Image: Author Craig Cline with a new puppy friend.
Editor’s note: Many people who abstain from eating animal products (also called vegans) do so because they are aware of the violence and trauma that farmed animal experience in the confinement of factory farms, in the transport to slaughter, and in the slaughterhouse. When other people eat animals or animals products, vegans are often reminded of this violence. Below is an open letter to friends and family letting them know how their actions are effecting vegans. Please take a moment to consider Cline’s request.
Dear Friends and Family:
This letter is hard for me to write. And what it contains may be hard for you, as one of my friends or family members, to accept.
But write it I must. This subject has been on my mind for a very long time, and I must ask that you please consider it in yours.
Like most people, I have an innate sense of compassion for animals. Unlike most people, I have extended that compassion to what the majority of them call the “food animals.”
As part of my own personal evolution, I have moved from being a raised-to-be- carnivore to becoming a vegan.
I’ve previously explained that I chose to make that transition not only because I care about reducing the needless pain, suffering, and deaths of animals, but also because my food choices have great bearing on both my personal health and the health of the environment we all share.
So do your food choices, of course. What you choose to eat — or not eat — is totally up to you, though.
I fully understand that most people who choose to continue to eat and drink meat and dairy products don’t readily agree with my own personal choice not to eat or drink them. Historically, they have not agreed enough to make this choice their own.

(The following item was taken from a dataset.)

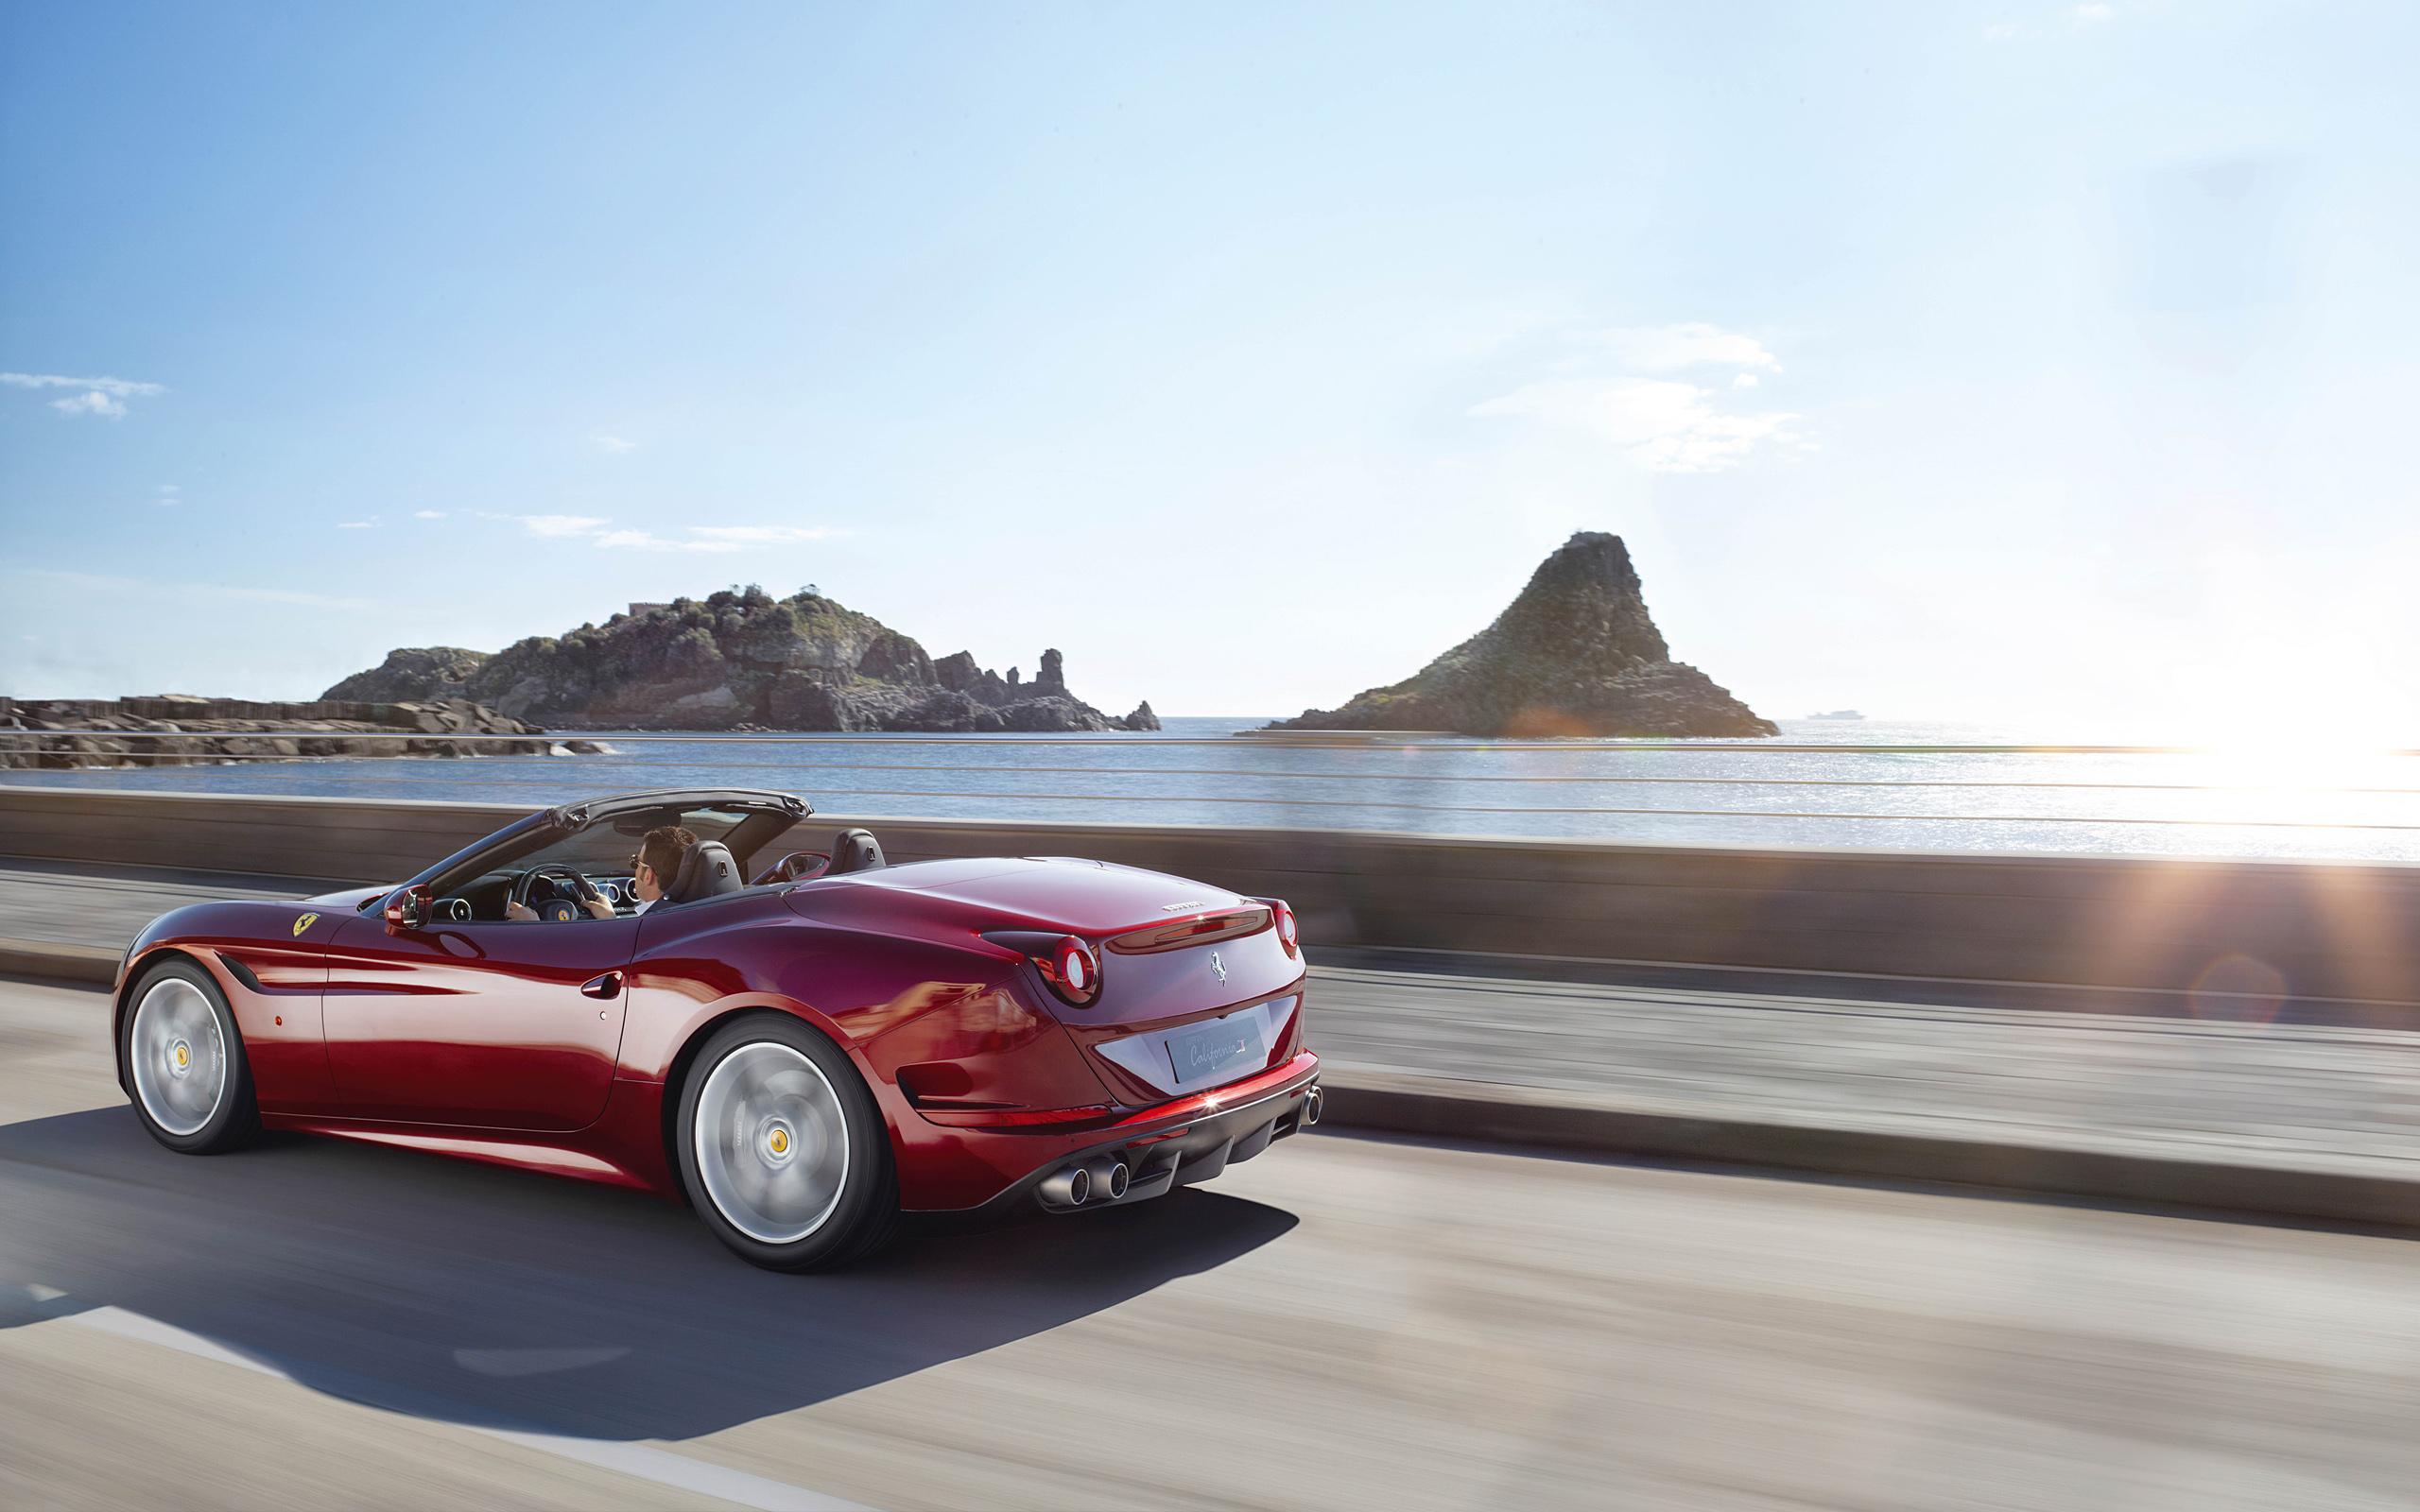 Ferrari california t wallpapers pictures images ferrari california t widescreen wallpaper 2560x1600 voltagebd Gallery

What people don’t seem to understand though, including my own friends and family members, is that it causes me a certain level of internal grief whenever I witness them actually consuming these “products.”
Because I am acutely aware of the abominable atrocities that underlie them, it pains me greatly — quite literally — to “see” these products being consumed in my presence.
It seems to me that it is not unreasonable for me to ask that my friends and family members have the courtesy to refrain from eating and drinking these products at the relatively infrequent times when we gather together.
The truth is, I cannot easily “stomach” either the sight or the smell of the flesh of something that was once a living, breathing, sentient being; a non-human being, but a being, nonetheless.
So I have to ask you to respect my heartfelt request that you at least not eat dead animal flesh (“meat”) when we’re together; whether it be in restaurants or in our homes.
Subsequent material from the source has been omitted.